For genetic diseases

People who are carriers of a monogenic disease have a high risk of transmitting this condition to their offspring. The Preimplantational Genetic Test (PGT), which is the technique previously known as Preimplantational Genetic Diagnosis (PGD), makes it possible to have a child without transmitting the genetic disease.

At Institut Marquès, PGT is carried out using the Next Generation Sequencing (NGS) technique, analysing all the chromosomes of the embryo. This method, currently the most innovative applied in the genetic diagnosis of embryos, allows us to know if they have inherited the disease that has been studied, as well as analysing the chromosomal content simultaneously.

In order to evaluate each case in a personalised way and to give a better orientation to the couple about their prognosis, the best option is always to request a visit to our Biology Service.

What are monogenic diseases?

Monogenic diseases are those caused by the alteration or mutation of a specific gene of the affected person. Examples of monogenic diseases are cystic fibrosis, sickle cell anaemia, Tay Sachs disease, myotonic dystrophy or Duchenne muscular dystrophy, to name a few.
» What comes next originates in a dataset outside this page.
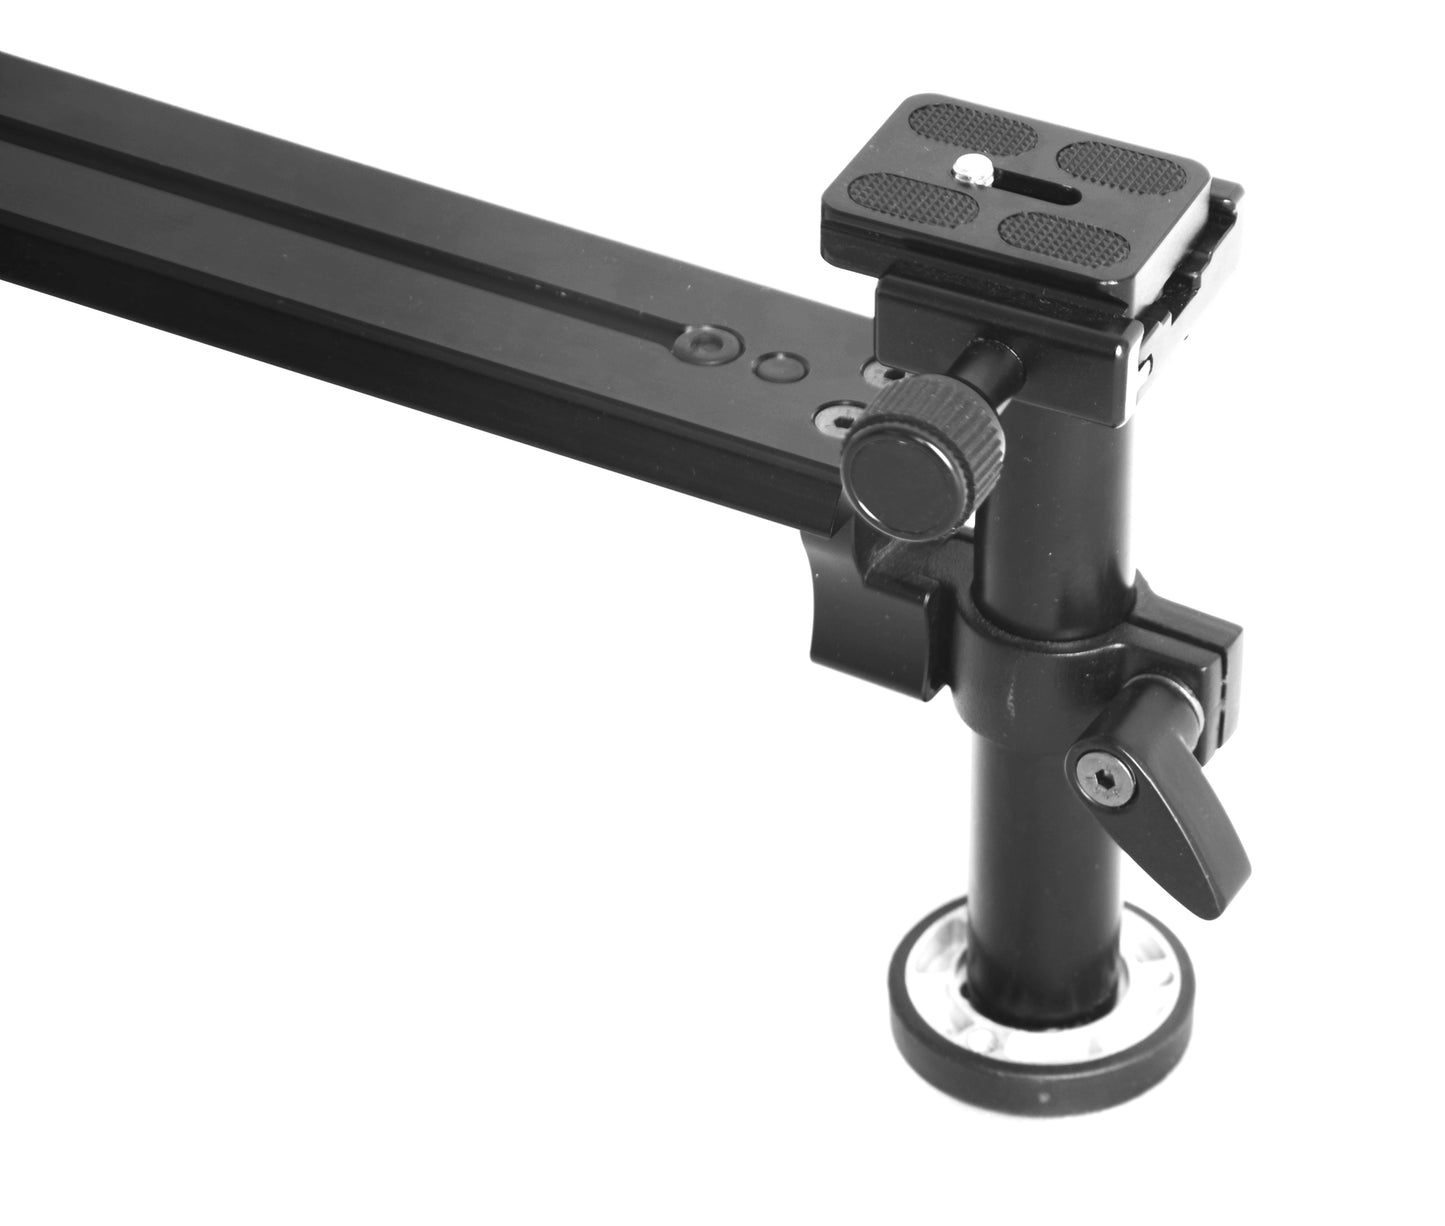 Kingjoy KH-6811 telephoto lens holder with quick release plate for ball head-1.37lbs, 16in

There are different types of monogenic diseases:

• Autosomal: The affected gene is located on non-sex chromosomes.
  • Autosomal recessive: 25% of the offspring are affected by the disease (e.g. cystic fibrosis, sickle cell anaemia, thalassaemias, phenylketonuria, metabolic aminoacidopathies, etc.).
  • Autosomal dominant: 50% of the offspring are affected by the disease (Huntington, myotonic dystrophy, Marfan, predisposition to cancer (neurofibromatosis type I, Von-Hippel Lindau, Li-Fraumeni, APC, etc.).
• Sex-linked: The affected gene is located on one of the sex chromosomes.
  • X-linked dominant: X-linked dominant traits are rare, but do exist. They occur in females who have only one copy of the gene and in males who have the mutated gene on the only X chromosome they have. Both sons and daughters of an affected mother have a 50% chance of being affected. Affected males, on the other hand, only pass the disease on to their daughters; their sons will be healthy.
  • X-linked recessive: In these cases, even if the female carries an abnormal gene, she will not have the disease, because the normal X chromosome will compensate for the abnormality. On the other hand, any male who receives the abnormal X chromosome will have the disease. Each male child born to a female carrier of an X-linked recessive disease has a 50% chance of inheriting the defective gene and thus developing the disease. Each of the daughters will have a 50% chance of inheriting the defective gene and being a carrier of the disease. Carriers usually have no symptoms of the disease, but may have an affected child. A man affected by an X-linked disease cannot pass the disease on to his sons, because he carries the Y chromosome, but he will pass it on to all his daughters. Example: haemophilia.

Who is interested in PGT?

All patients who are carriers of a genetic disease. It can be said that in practically all genetic diseases it is feasible to perform a PGT as long as the mutation, the associated gene and the chromosome where the gene is located are known. Examples of the most common are:

• Cystic fibrosis
• Beta thalassaemia
• Duchenne Muscular Dystrophy
• Fragile-X syndrome
• Haemophilia A and B
• Huntington’s disease
• Tay-Sachs
• Spinal muscular atrophy
• Sickle cell anaemia
• Myotonic dystrophy
• Gaucher disease
• Marfan syndrome
• Neurofibromatosis Type I
• Retinitis pigmentosa
• Etc.

How is Preimplantation Genetic Testing performed?

1. In Vitro Fertilisation to obtain the embryos.
2. Embryo biopsy. The biopsy can be performed during the third day of embryo development, or between the fifth and sixth day when the embryo has reached the blastocyst stage.
3. Diagnostic genetic analysis. The cell obtained by biopsy is processed for analysis and subjected to genetic study.
4. Embryo transfer. The result of the genetic analysis is transmitted to the assisted reproduction team by means of a detailed report and a decision is made as to which embryos will be transferred according to the PGT result and the morphological characteristics of embryo viability. If the biopsy is performed on the third day of development, the embryo transfer to the maternal uterus can be performed immediately after the analysis, normally 5 days after the recovery of the oocytes. In cases where the biopsy is performed between the fifth and sixth day of development, it will be necessary to freeze the embryos and schedule the transfer at a later date.

Can PGT damage the embryo?

It is a very sophisticated technique but performed by expert biologists does not adversely affect the development of the embryo.